- Jabal Abu Makhruq, 2024

Highest point
- Elevation: 50 m (160 ft)
- Coordinates: 24°40′24″N 46°43′32″E﻿ / ﻿24.67333°N 46.72556°E

Naming
- Native name: Arabic: جبل أبو مخروق

Geography
- Location: Riyadh, Saudi Arabia

= Jabal Abu Makhruq =

Jabal Abu Makhruq (جبل أبو مخروق), or in Najdi vernacular pronunciation as Jabal Abo Makhrog and popularly known as Camel's Eye (عين الجمل), is a conical limestone hill with a natural arch through it in the ad-Dubbat neighborhood of Riyadh, Saudi Arabia. With an elevation of approximately 50 meters, it is so named for a 7 to 8 meters wide, almost oval hole through the top of the hill that was formed due to erosion. It was mentioned in Yaqut al-Hamawi's 13th century work Kitāb Mu'jam al-Buldān as Jabal Kharba (جبل الخربة) and was once a stopover for caravans arriving from Eastern Arabia en route to the walled town of Riyadh.

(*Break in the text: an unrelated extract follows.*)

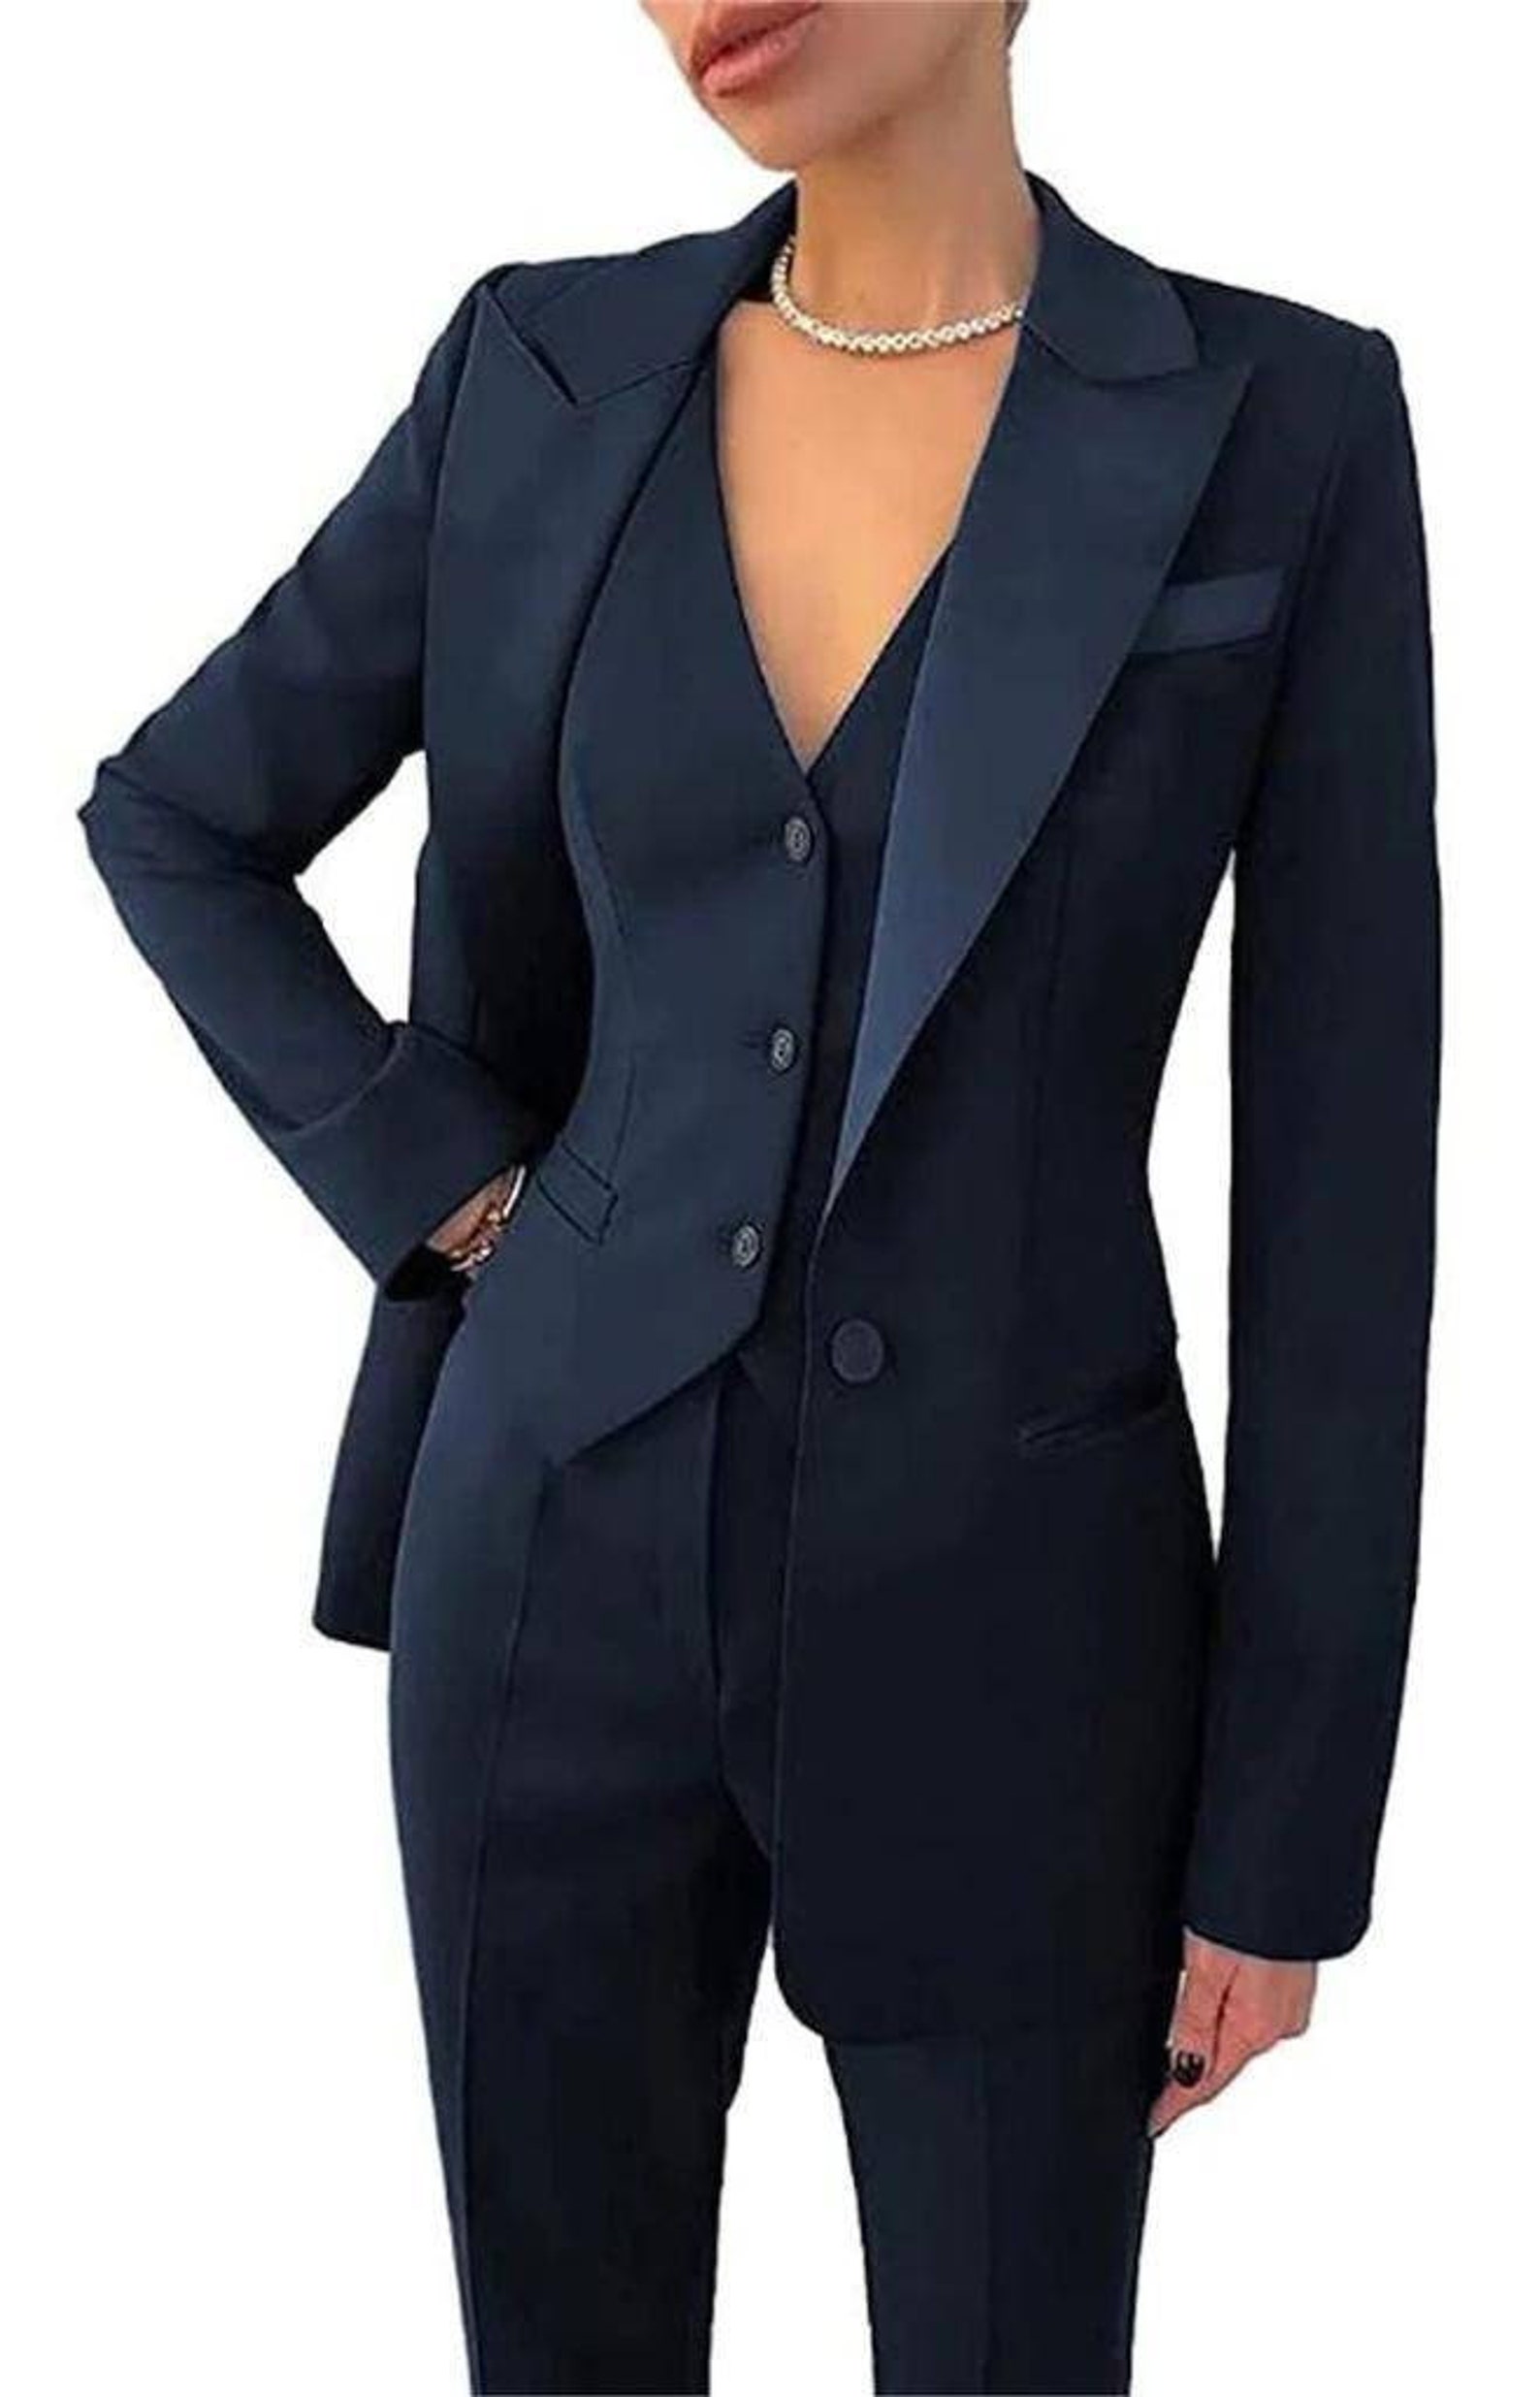 Blue Suit for Women Three Piece Suit Top Womens Suit - Etsy

The hill was once infamous among locals to be purportedly haunted by Jinns and demons.

== Overview ==
The hill is made of limestone and is known for its 7–8 meters wide cavity on the top of the hill that was formed due to erosion. It overlooks the district of al-Malazz and previously had lent its name to the area. The site later became a local visitor attraction as a place of relaxation, and thus, is also regarded as the oldest park of Riyadh years before the site surrounding the hill was transformed into a 40,000 square meters urban park in 1980 by the Riyadh Municipality.

Several historical accounts suggest that Abdulaziz ibn Saud had camped in the area the night before he engaged in the Battle of Riyadh in 1902. The site was visited by St. John Philby in 1918 and Japanese traveler and historian Eigiro Nakano mentioned this mountain in his 1939 book A Japanese Visit to the Arabian Peninsula.

In 2020, the Riyadh Municipality proposed to rehabilitate the park and announced a competition for its design. The designs were selected in 2021 and construction work began in 2023.